Lia keeps talking as we make our way to the stairs, pointing out different rooms she thinks I need to know—the chem lab, the study lounge, the snack shop. Part of me wants to pull out my phone and take notes—or, better yet, draw a map, since I’m hopeless with directions. Maybe if I can figure out something as simple as the layout of the castle, other things will fall into place, too. And then I can start to feel safe again—something I haven’t felt in a really long time.
We finally make it back to Lia’s room—she’s in what I’m assuming is the West hallway, judging by its location in relation to mine. I’m a little surprised when she stops in front of the one door on the hallway, maybe on the whole floor, that doesn’t have some kind of decoration on it.
My surprise must show, because she says, “It’s been a rough year. I just wasn’t up to decorating when I got back here.”
“That sucks. The rough-year part, I mean. Not the decorating part.”
“I knew what you meant.” She smiles sadly. “My boyfriend died several months ago, and everyone thinks I should be over it. But we were together a really long time. It’s not that easy to just let him go. As I’m sure you know.”
It’s been a month since my parents died, and I still feel like I’m in shock half the time. “No, it’s not.”
Like I wake up every morning and for a minute, just a minute, I don’t remember why I have that sinking feeling in my stomach.
I don’t remember that they’re gone and I’m never going to see them again.
I don’t remember that I’m alone.
And then it hits me all over again, and so does the grief.
Getting on that first plane yesterday morning was the hardest thing I’ve ever done—besides identifying them—and I think it’s because it made their deaths sink in just a little more.

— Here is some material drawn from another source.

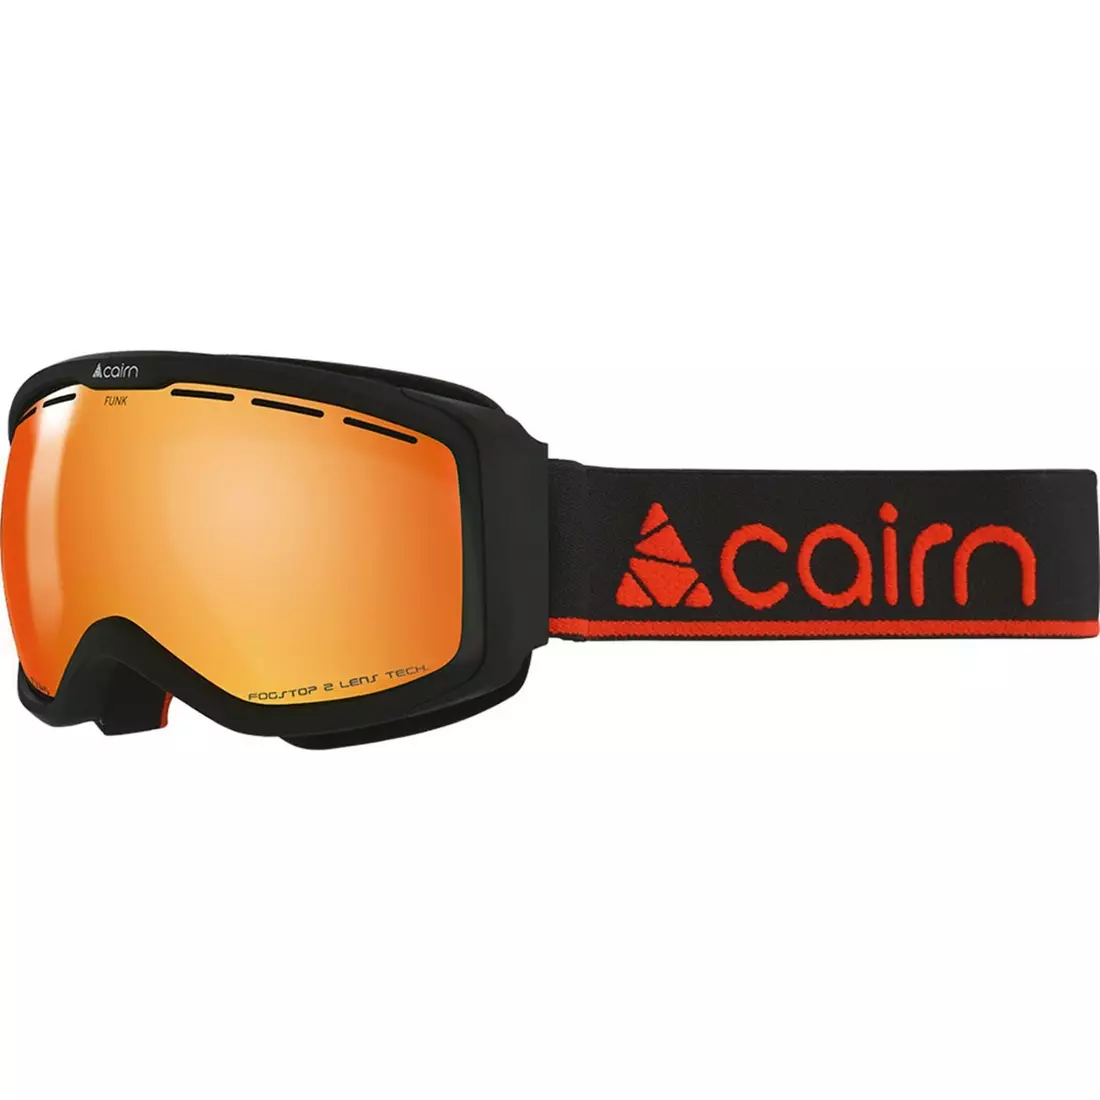 CAIRN Junior Ski-/Snowboardbrille FUNK OTG SPX3000 IUM Mat Black Orange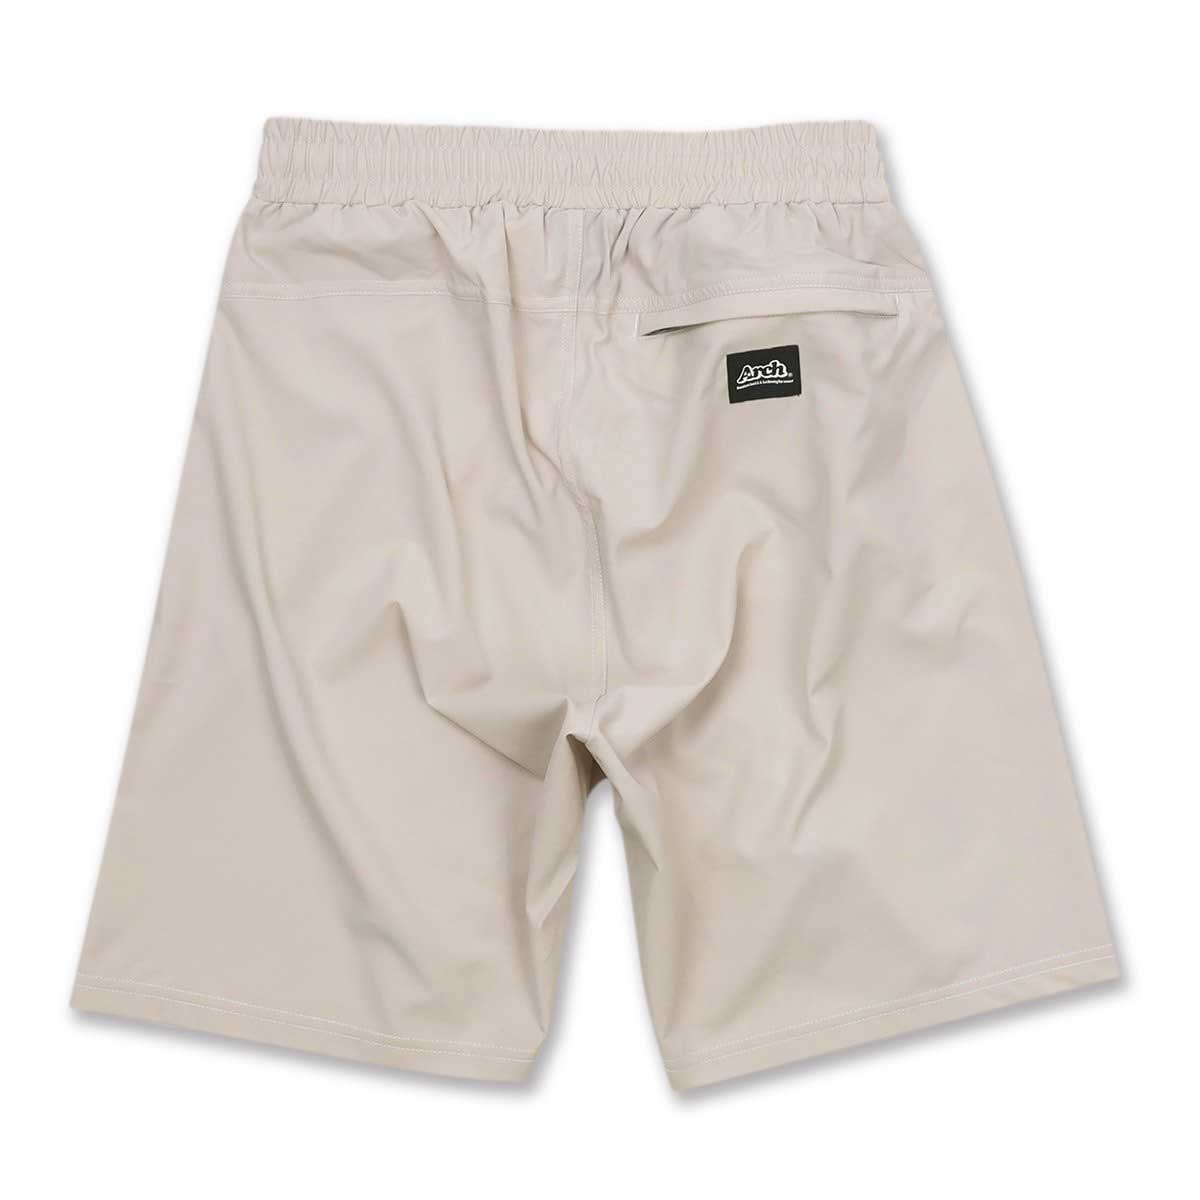 新品未使用 Arch アーチ B122-108 solid color shorts バスケットウェア バスケットパンツ バスパン  joanafrancisco.com

Lia and I just kind of stand there in the middle of her dorm room for a second, two people who look fine on the outside but who are destroyed on the inside. We don’t talk, don’t say anything at all. Just stay where we are and absorb the fact that someone else hurts as much as we do.
It’s a bizarre feeling. And an oddly comforting one.
Eventually, Lia moves over to her desk, where she has an electric kettle plugged in. She pours some water into it from the pitcher she also has on her desk, then turns it on before opening a jar of what looks like potpourri and scooping it into two tea strainers.
“Can I help with anything?” I ask, even though she seems to have things under control. It’s nice to see her go through the ritual of making tea from homemade leaves. It reminds me of my mom and all the hours we spent in the kitchen assembling all her different blends.